== WHAT TO WORK ON ==
Restate word for word the section of the entries that opens at the line containing "Poly_Build_Plate_v1-1.STL Download free" and closes at the line containing "Lot 1 - Famco Model 4R 6-Ton Arbor Press", both lines kept, pictures dropped.

== RAW DATA ==
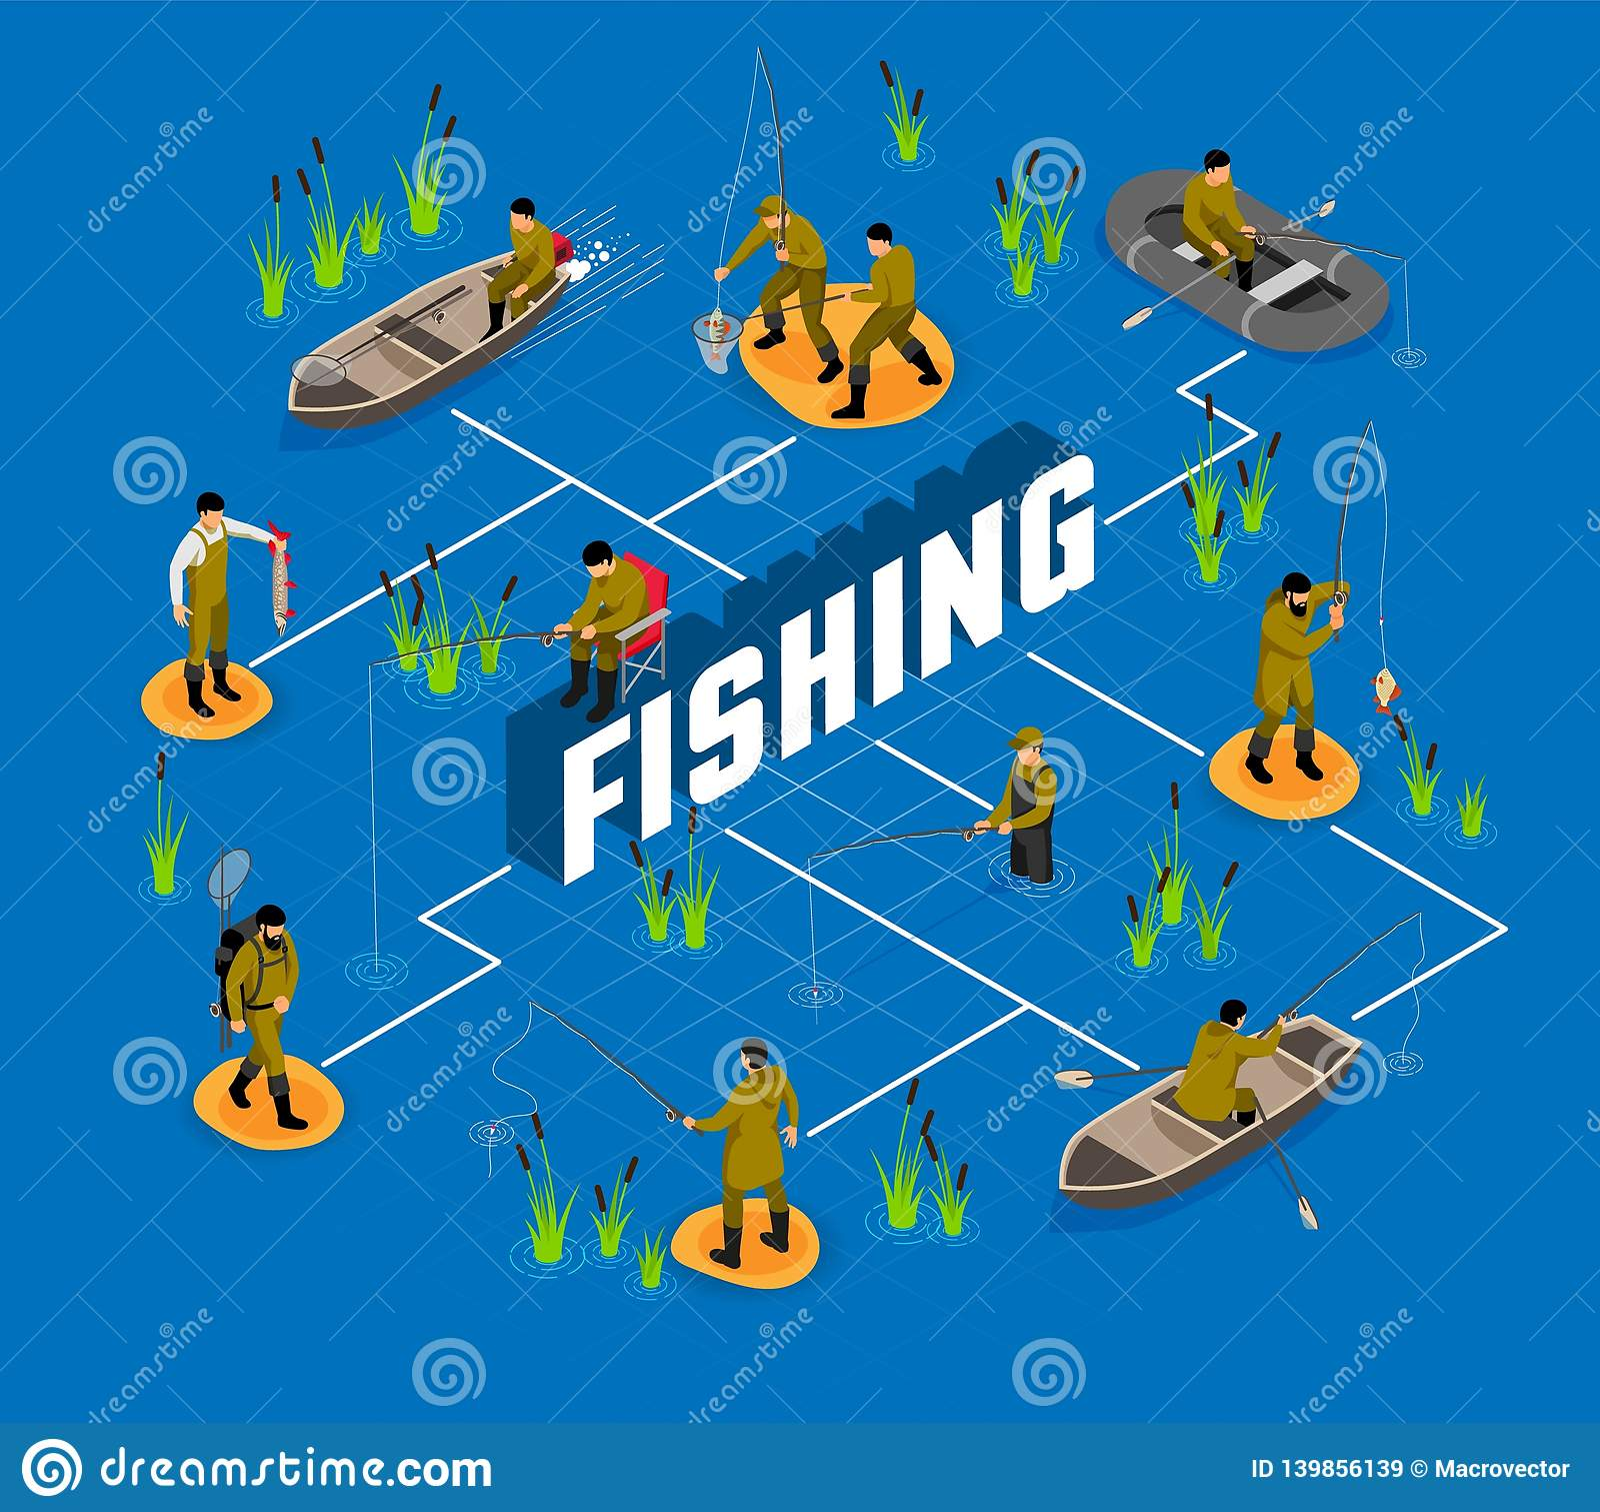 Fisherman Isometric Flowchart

---

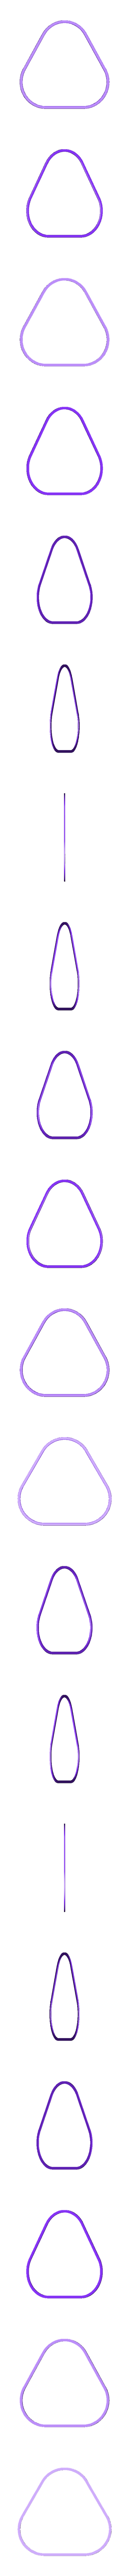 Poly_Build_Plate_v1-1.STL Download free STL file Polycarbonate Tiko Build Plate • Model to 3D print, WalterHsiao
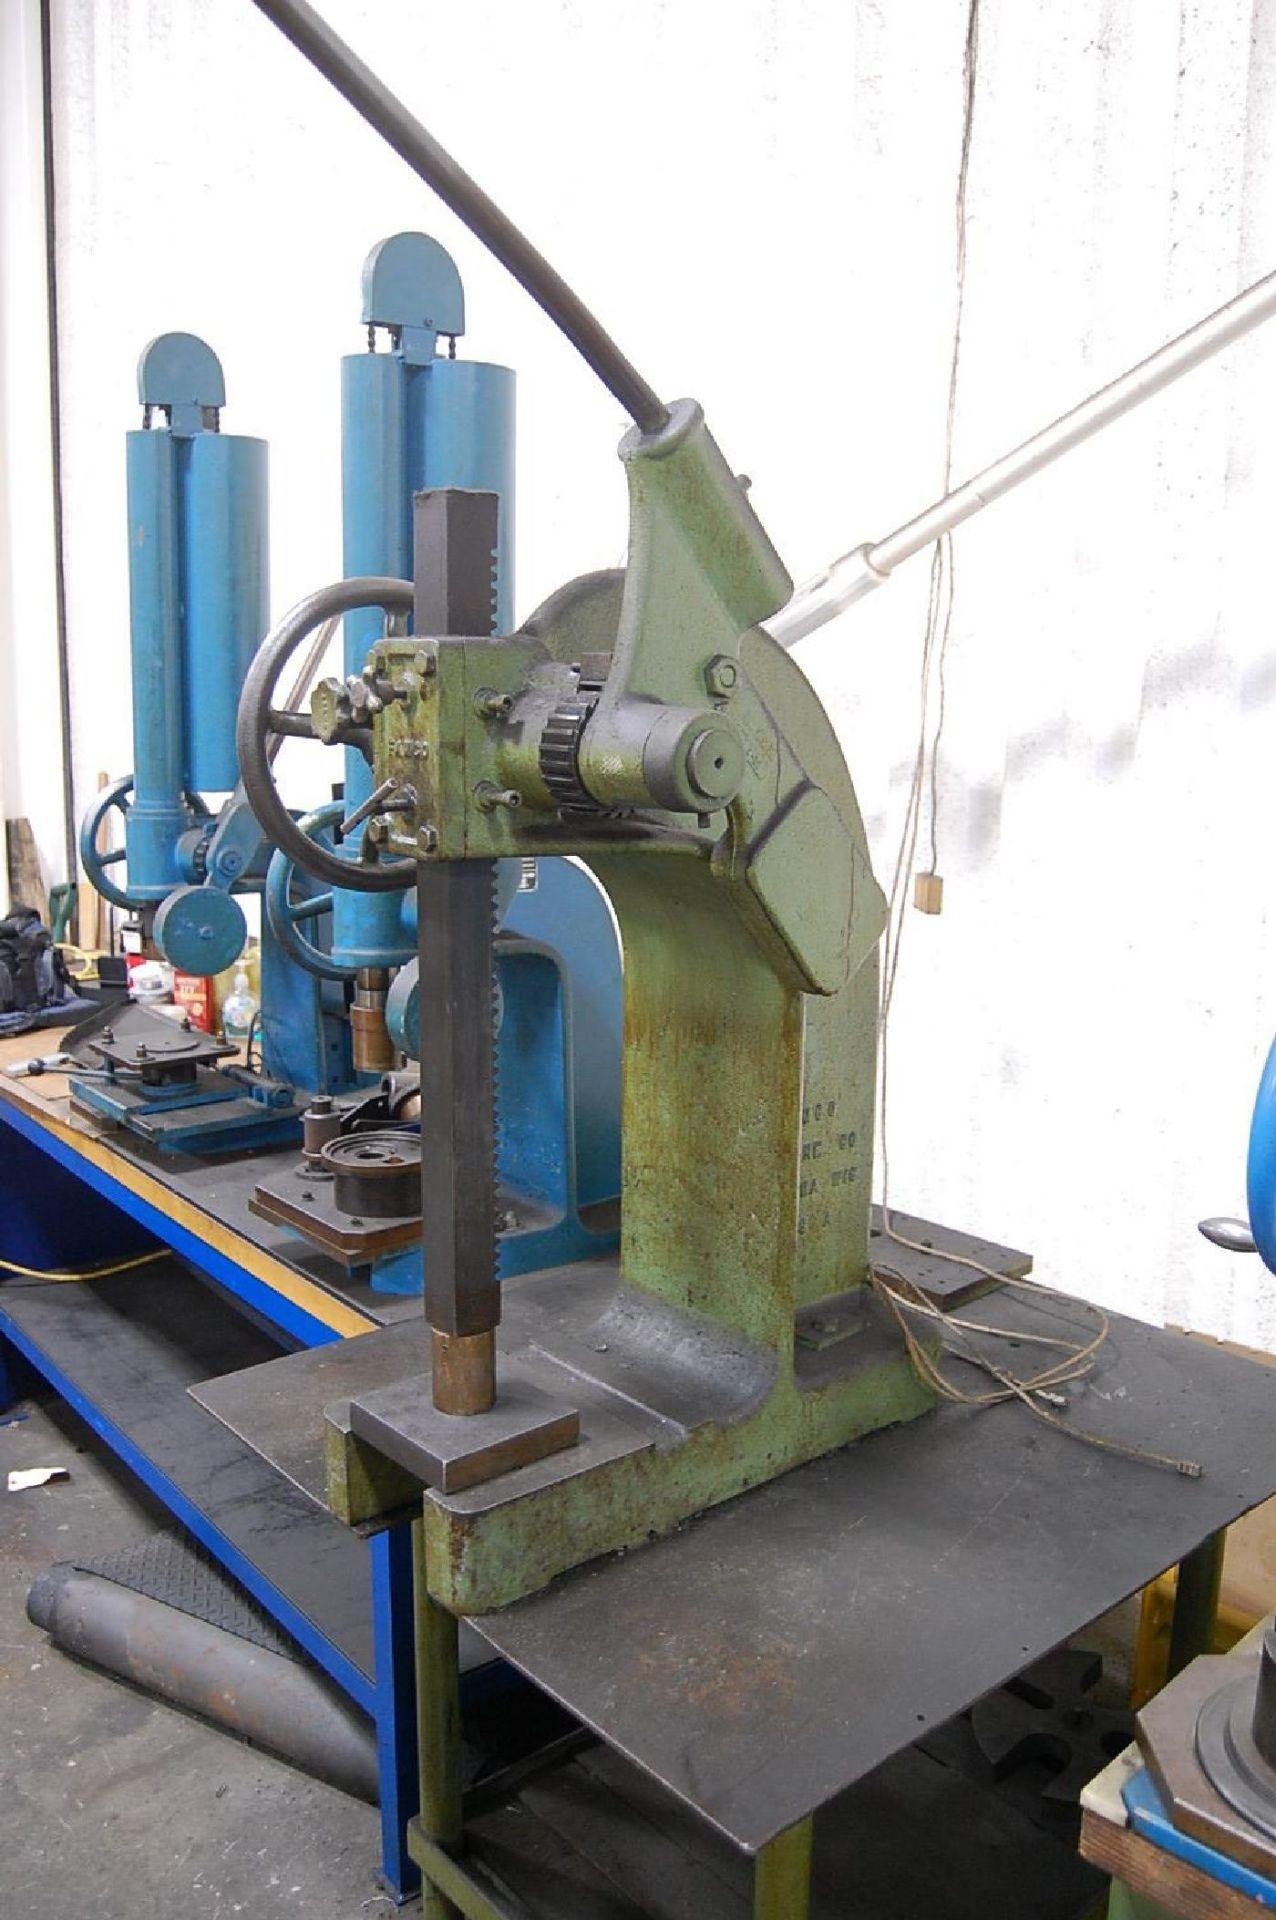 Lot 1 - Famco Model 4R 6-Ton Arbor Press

== YOUR RESPONSE ==
 Poly_Build_Plate_v1-1.STL Download free STL file Polycarbonate Tiko Build Plate • Model to 3D print, WalterHsiao
 Lot 1 - Famco Model 4R 6-Ton Arbor Press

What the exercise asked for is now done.